I made my own stencil years ago, i found the trick was to hold it really close and still for the best results.

Its a bull terrier. I dont use it anymore and a used it to stencil my calor gas bottle


----------



## Missy (Mar 9, 2016)

When I see this picture I wonder why Mrs Jumbo Ratty gets two pastries and you have none.


----------



## Jumbo Ratty (Jan 12, 2015)

She had hers first then i had mine off the same plate,, saves on washing up


----------



## jimbojohn55 (Jan 15, 2016)

Jumbo Ratty said:


> I made my own stencil years ago, i found the trick was to hold it really close and still for the best results.
> 
> Its a bull terrier. I dont use it anymore and a used it to stencil my calor gas bottle


At last I can join in - is it really not a terrier atall but the tail of a DC10 or the corner of pacmans mouth with his tongue hanging out thinking about nicking Mrs Ratty's Danish and hiding the plate?


----------



## Toby-IOM (Aug 8, 2012)

Is it meant to be a fish?


----------



## jimbojohn55 (Jan 15, 2016)

The results - day 3







~

Its a Christmas wreath I think! - although could double at Halloween as an evil clown / pumpkin

Closest answer 1st Missey with Bow over something / magnet removing something metal from an orifice!

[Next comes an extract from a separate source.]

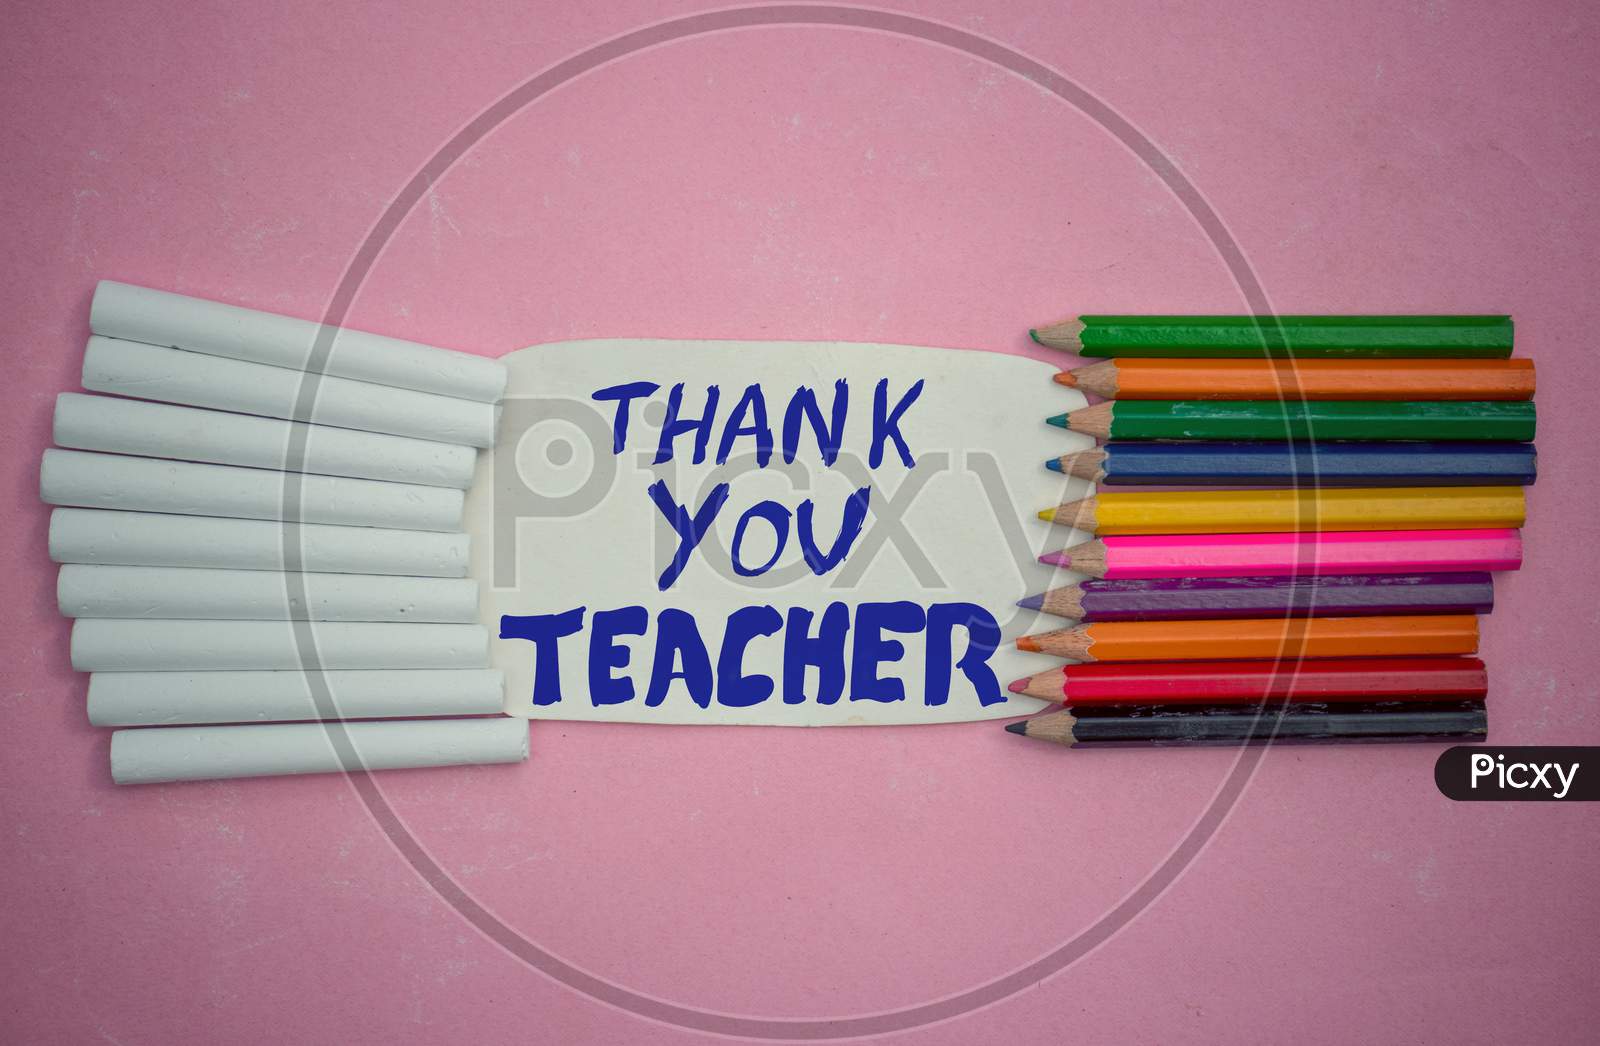 Thank You Teacher Written On Paper Note With Color Pencils And White Chalk, Happy Teacher's Day Conceptual Photo

Also mention for sheer wit - Hotmetal - Mellow bird flying the nest'le - I'm getting flashbacks to my childhood now - shudder

Missy -If you would like is sent at minimal cost 2nd class post (in a plain brown envelope) so you can scare / threaten the kids with it - I will be happy to post it - just PM me with an address, it doesn't have to be your address - it could be someone you dislike instead - alternatively it will be cast into the fires of Mordor - I'm happy either way it will leave my house.

.


----------



## Missy (Mar 9, 2016)

Go with Mordor, I would hate to see you spend a stamp on it...

I'm hoping my parents have a set of these in a cupboard. I'm heading there tomorrow with the old machine of doom, so will be joining you in sprinkling dodgy choc through strange holes!!


----------



## jimbojohn55 (Jan 15, 2016)

,








Its done !

More tomorrow - plus please add your own fails !


----------



## Jumbo Ratty (Jan 12, 2015)

jimbojohn55 said:


> At last I can join in - is it really not a terrier atall but the tail of a DC10 or the corner of pacmans mouth with his tongue hanging out thinking about nicking Mrs Ratty's Danish and hiding the plate?


It was unintentional but fitting as it does resemble the tail of a DC10, thats a jumbo jet


----------



## jimbojohn55 (Jan 15, 2016)

Day 4 - latte art fails - suggestions ?

~


----------



## Missy (Mar 9, 2016)

Sperm.


----------



## jimbojohn55 (Jan 15, 2016)

Close - 3 balloons - although I like to think it resembles the pants of people who have just been found out for hiding their money in off shore tax havens!


----------